When the line with "Hymn and Gospel" turns up below, begin repeating exactly, and carry on through the line with "Artist Saype’s Worldwide"; no pictures go into the copy.

#### The input

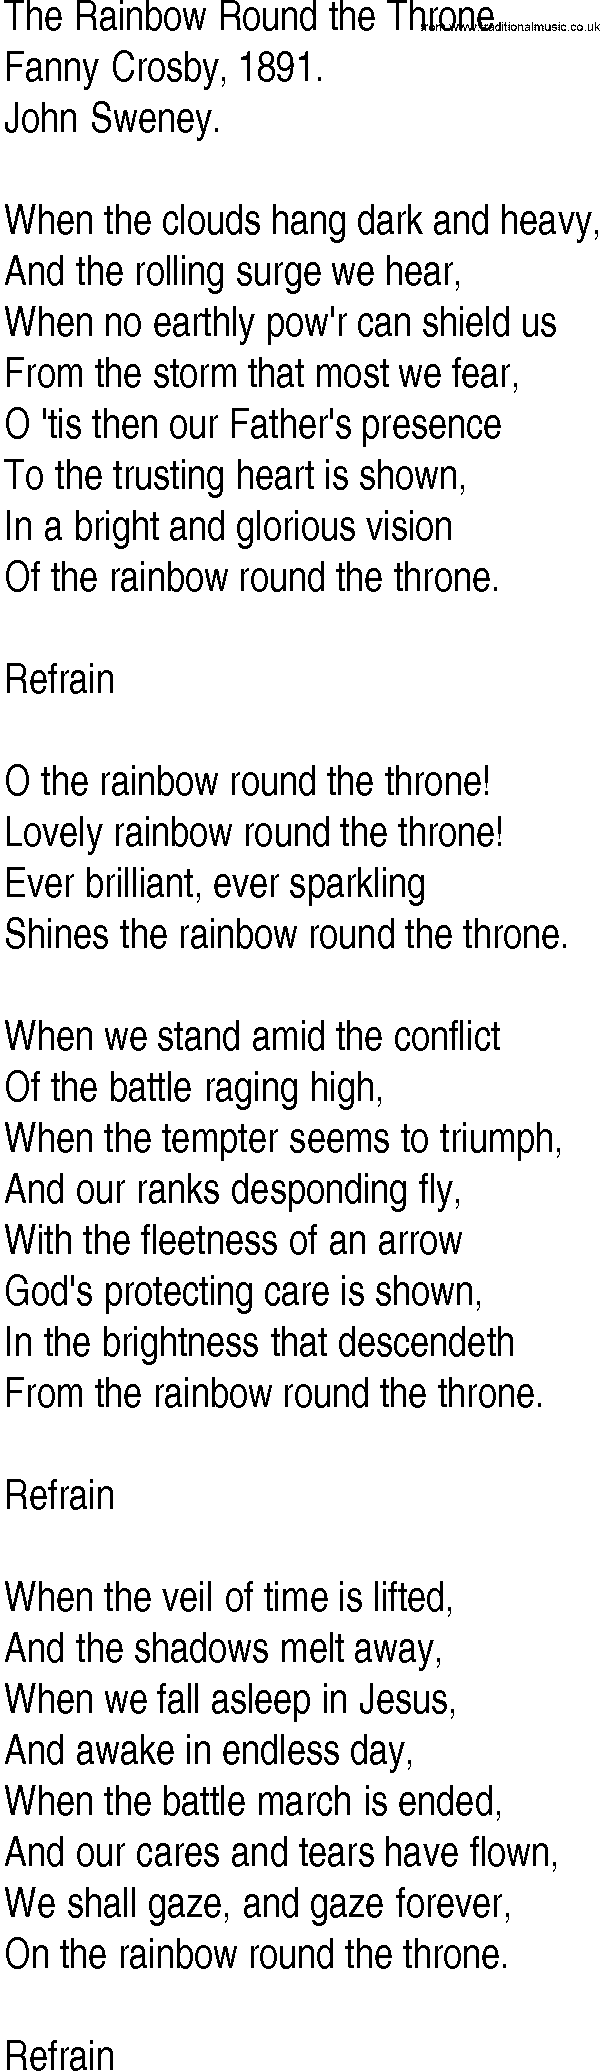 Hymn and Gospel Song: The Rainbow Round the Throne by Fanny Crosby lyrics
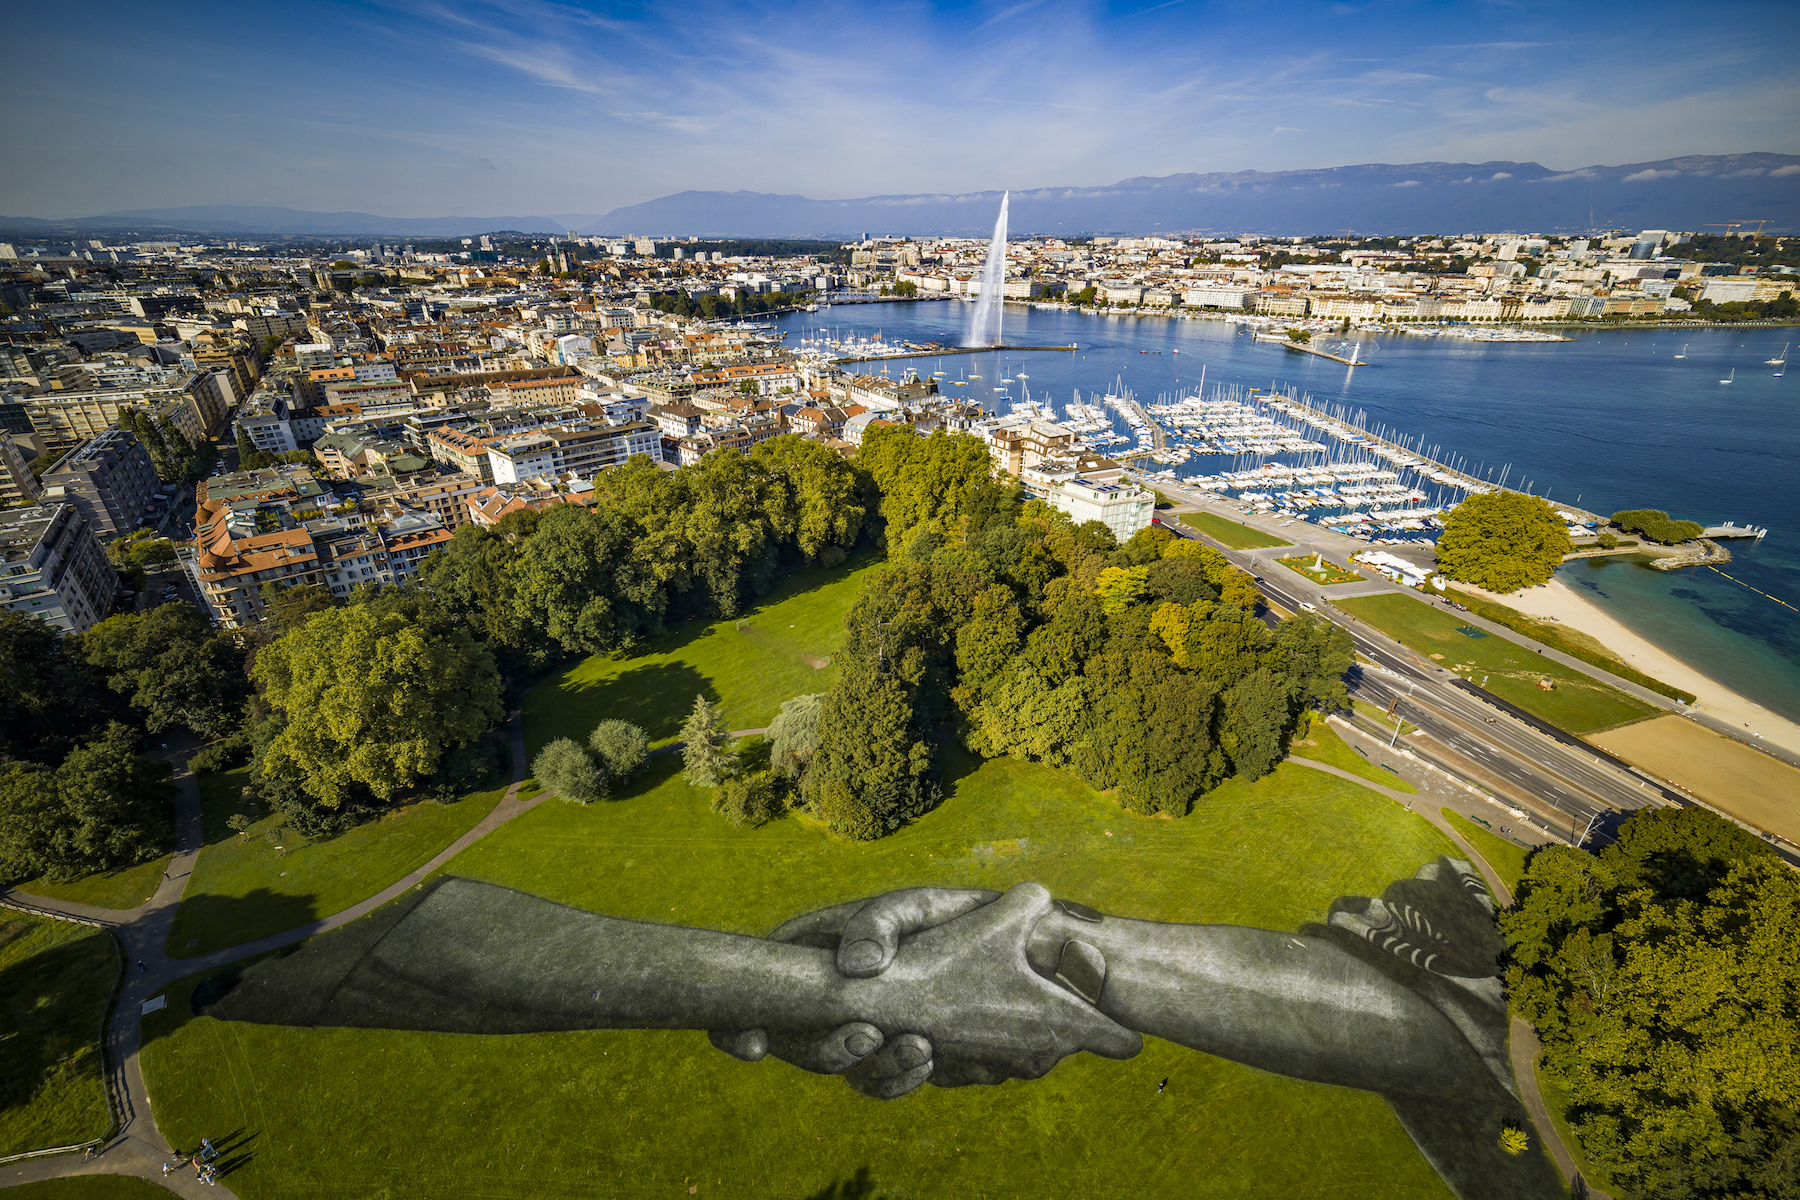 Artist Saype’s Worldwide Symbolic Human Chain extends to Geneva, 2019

########
#### The input

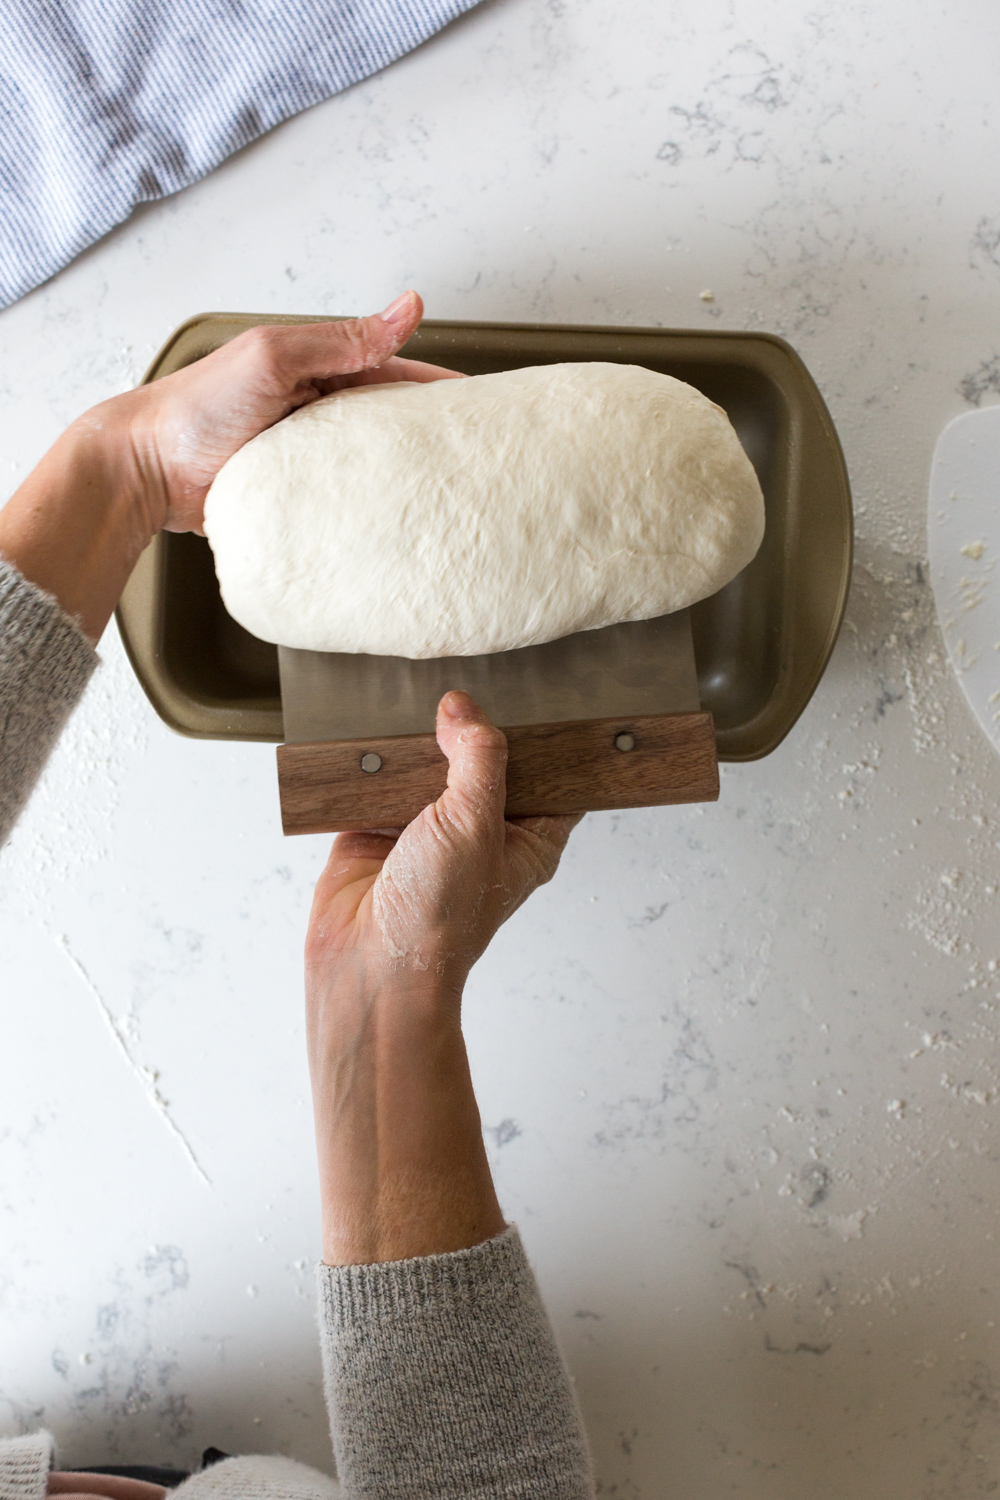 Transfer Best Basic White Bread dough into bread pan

########
#### The input

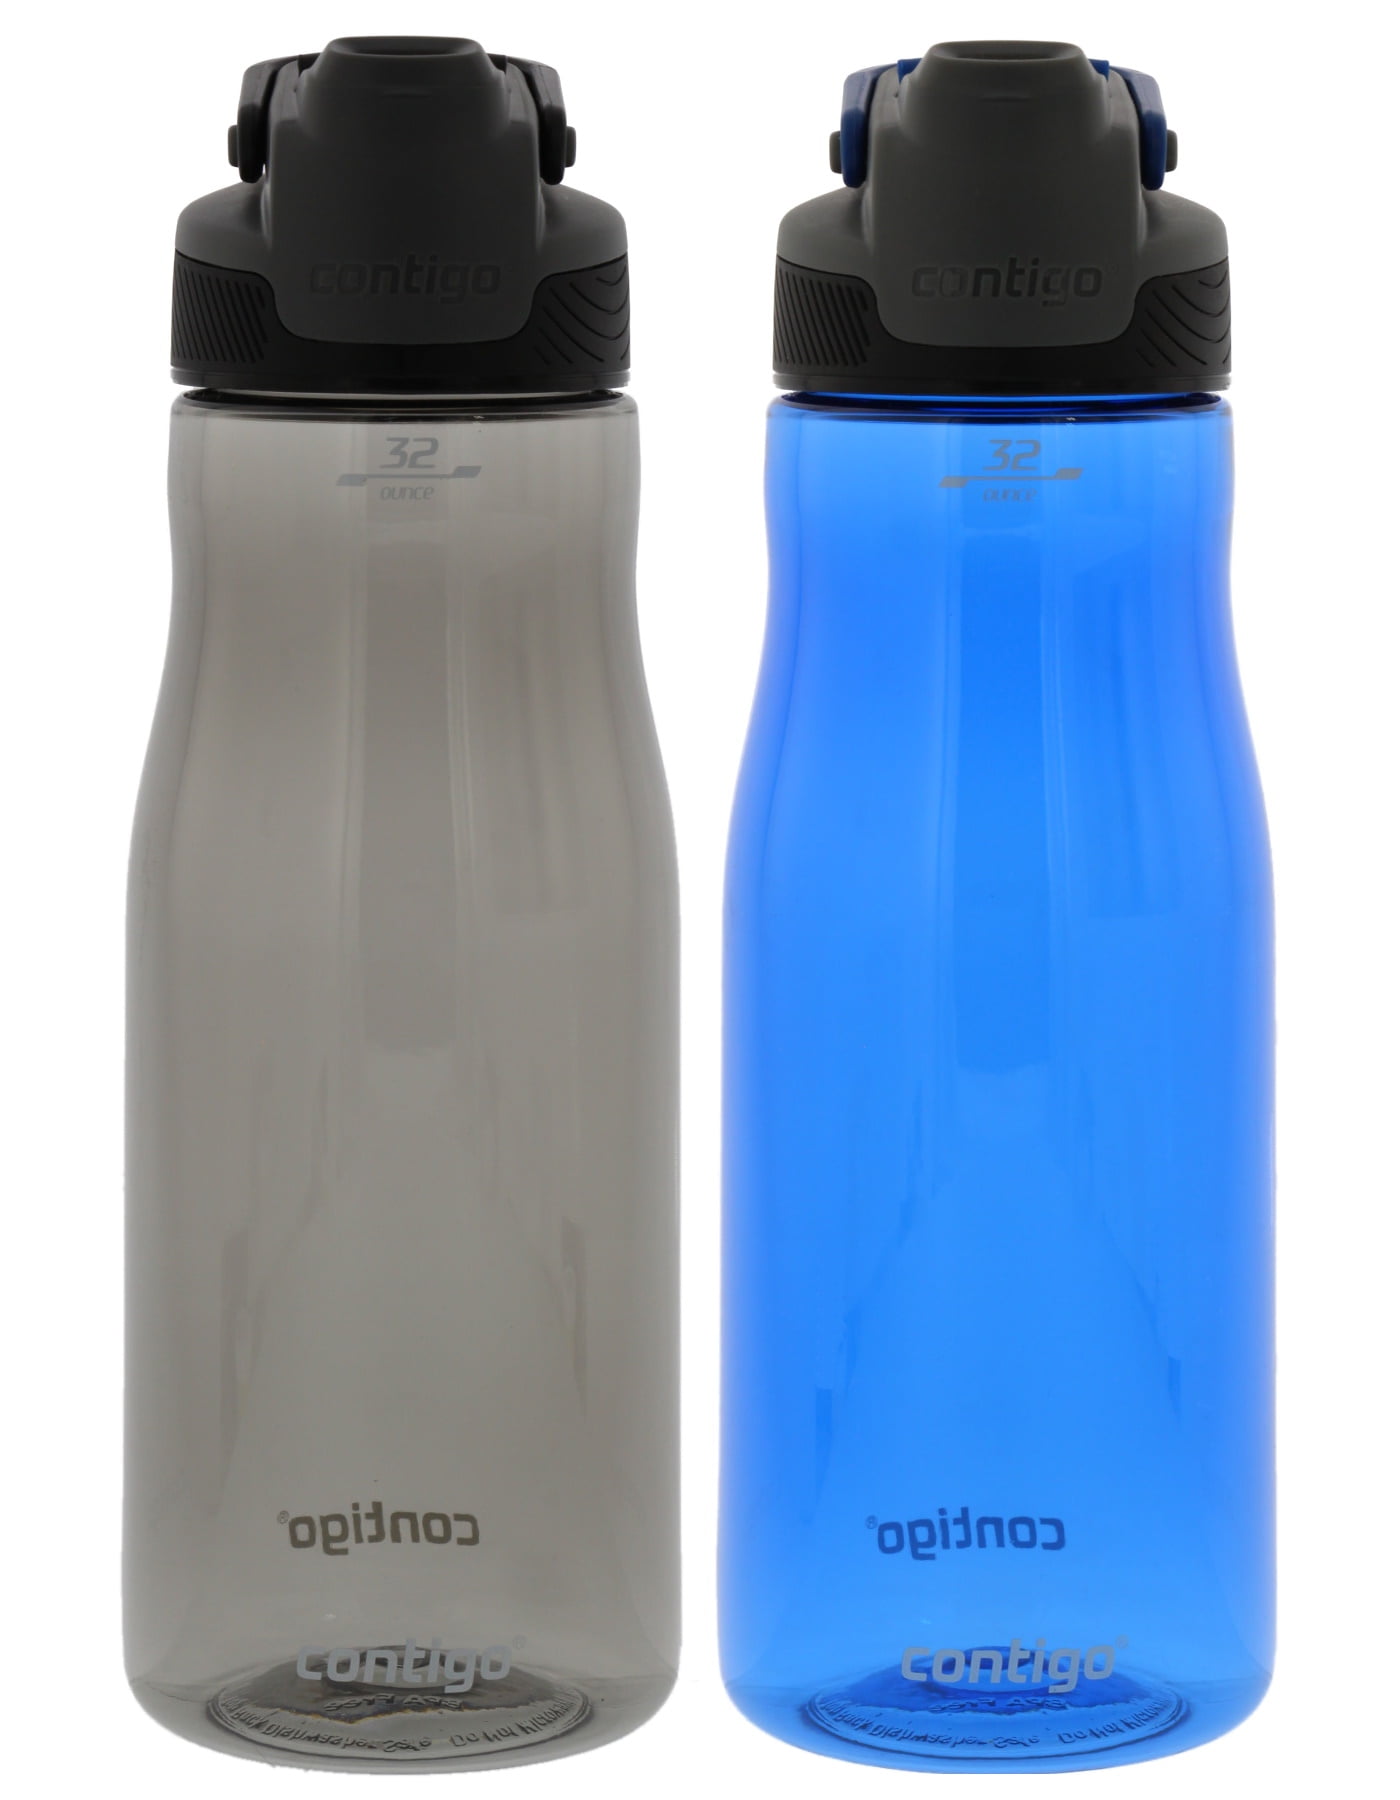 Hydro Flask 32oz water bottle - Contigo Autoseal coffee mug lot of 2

########

Written response:
 Hymn and Gospel Song: The Rainbow Round the Throne by Fanny Crosby lyrics
 Artist Saype’s Worldwide Symbolic Human Chain extends to Geneva, 2019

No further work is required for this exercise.